В ожидании твоих писем начну с новости, приятной всякому, с появления ‘Бахчисарайского фонтана’ на горизонте северном. Этот феномен расшевелит много грамотных и безграмотных, любителей и губителей словесности. — Содержание сего стихотворения простое, взятое из предания, не богатого происшествиями, но цветущие красоты, или, лучше сказать, волшебство поэзии, очаровательность картин, обилие чувств, новость мыслей, сладкозвучие слов отличают ‘Бахчисарайский фонтан’, подобно как и другие произведения сего любимца северных муз и граций отличаются столько же, сколько творения безуспешных его подражателей обличают вынужденность их чувств, выисканность слов, омрачены тьмою бессмыслия, пугают нелепостию воображения и отличаются всею дерзостию самохвальства и кругохвальства. Ты улыбнешься при сем выражении, но оно верно рисует их. Так, мой друг, кругохвальство, то есть взаимные похвалы взаимным нелепостям друзей-литераторов, есть существенный признак новой школы1. Взгляни в какой хочешь журнал… везде найдешь стихотворения, в которых беспрестанно твердят: я поэт! я поэт! и заставляют бедных читателей мучиться тщетным отыскиванием хотя одной черты поэзии, в которых, превознося свою гармонию, производят себя в меценаты всех своих приятелей-соучеников2, удостаивая их посланиями3, посвящением разномерной галиматьи4 и титлами Горациев, Анакреонов5. Но обратимся к русскому Анакреону, который невидимо вводит нас в гарем бахчисарайского хана.
Еще поныне дышит нега
В пустых покоях и садах,
Играют воды, рдеют розы,
И вьются виноградны лозы,
И злато блещет на стенах.
Здесь-то в минувшее время красавицы Востока
Беспечно ожидая хана,
Вокруг игривого фонтана
На шелковых коврах, оне
Толпою резвою сидели,
И с детской радостью глядели,
Как рыба в ясной глубине
На мраморном ходила дне.
Нарочно к ней на дно иные
Роняли серьги золотые.
Здесь-то…
Младые жены, как-нибудь
Желая сердце обмануть,
Меняют пышные уборы,
Заводят игры, разговоры.
Но злой евнух от них неотлучен, даже и тогда —
Раскинув легкие власы,
Как идут пленницы младые
Купаться в жаркие часы
И льются волны ключевые
На их волшебные красы
………………………………………..
Взор нежный, слез упрек немой
Не властны над его душой.
Нельзя, однако, не заметить, что поэт распространился в описании евнуха, которое в поэме несоразмерно ни с ограниченностию содержания, ни с расположением прочих частей ее.

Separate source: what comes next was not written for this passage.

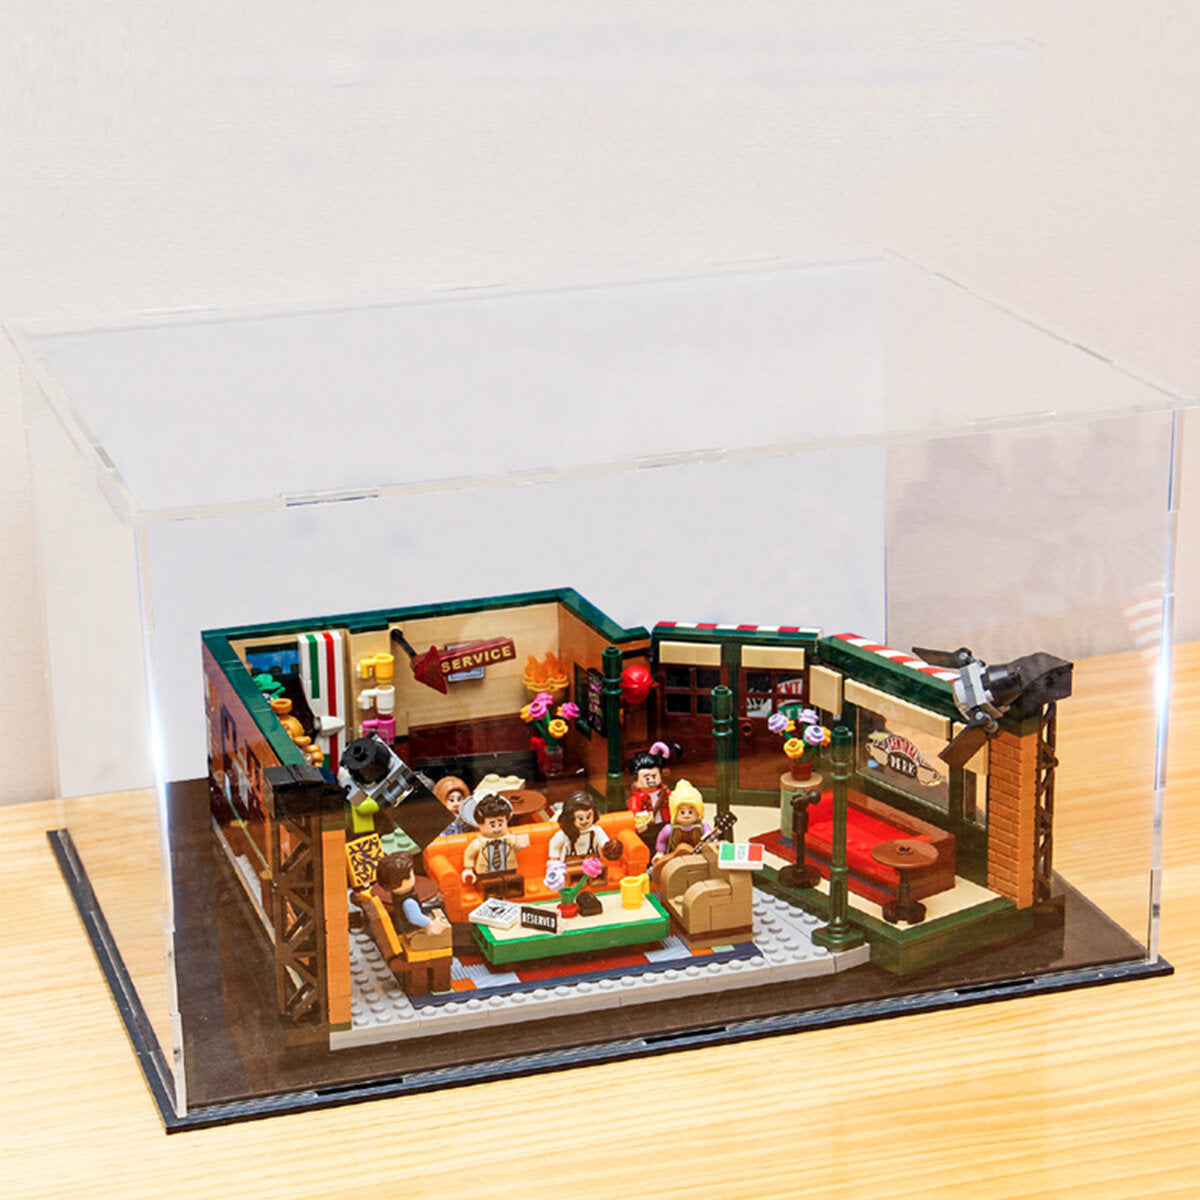 dhz acryl vitrinebox voor lego 21319 central perk friends bricks toy

В мыслях Пушкина глубокие чувства — он постигает тайны души и умеет передавать их в легких стихах. Грузинка, принявшая магометанскую веру но бывшая в младенчестве християнкой, нечаянно видит в гареме крест и лампаду пред иконой.
Грузинка, все в душе твоей
Родное что-то пробудило,
Все звуками забытых дней
Невнятно вдруг заговорило.
Двумя словами Пушкин рисует картину, одною чертою придает ей новую красоту.
С короной, с княжеским гербом
Воздвиглась новая гробница.
………………………………………….
Приду на склон приморских гор,
Воспоминаний тайных полный,
И вновь таврические волны
Обрадуют мой жадный взор.
………………………………………….
Все чувство путника манит,
Когда в час утра безмятежный
В горах, дорогою прибрежной,
Привычный конь его бежит
И зеленеющая влага
Пред ним и блещет и шумит
Вокруг утесов Аю-дага…
Сколько живописного в последних пяти стихах! Какая полная, одушевленная картина! Слово привычный дает понятие о всей трудности пути вдоль морского берега, среди гор и в виду утесов, вкруг коих и кипят и шумят волны.
Некоторые описания особенно в восточном вкусе, например следующее: евнух, пугаясь ночью малейшего шума, пробуждается, дрожит, слушает…
Но все вокруг его молчит…
Одни фонтаны сладкозвучны
Из мраморной темницы бьют,
И, с милой розой неразлучны,
Во мраке соловьи поют.6
Другие с необыкновенною живостию представляют картину восточных нравов и обыкновений.
Покрыты белой пеленой,
Как тени легкие мелькая,
По улицам Бахчисарая,
Из дома в дом, одна к другой,
Простых татар спешат подруги
Делить вечерние досуги.
Вообще описательная часть в ‘Бахчисарайском фонтане’ совершенна. Начало поэмы великолепно…
Гирей сидел, потупя взор,
……………………………………
Безмолвно раболепный двор
Вкруг хана грозного теснился — и проч.
Описывая далее Гирея уединенного, поэт говорит:
Один в своих чертогах он,
Свободней грудь его вздыхает,
Живее строгое чело
Волненье сердца выражает.
Так бурны тучи отражает
Залива зыбкое стекло.
Сравнение сие, по живости, принадлежит к счастливейшим стихам, даже между стихами Пушкина. Приведем еще несколько примеров сравнений из ‘Бахчисарайского фонтана’.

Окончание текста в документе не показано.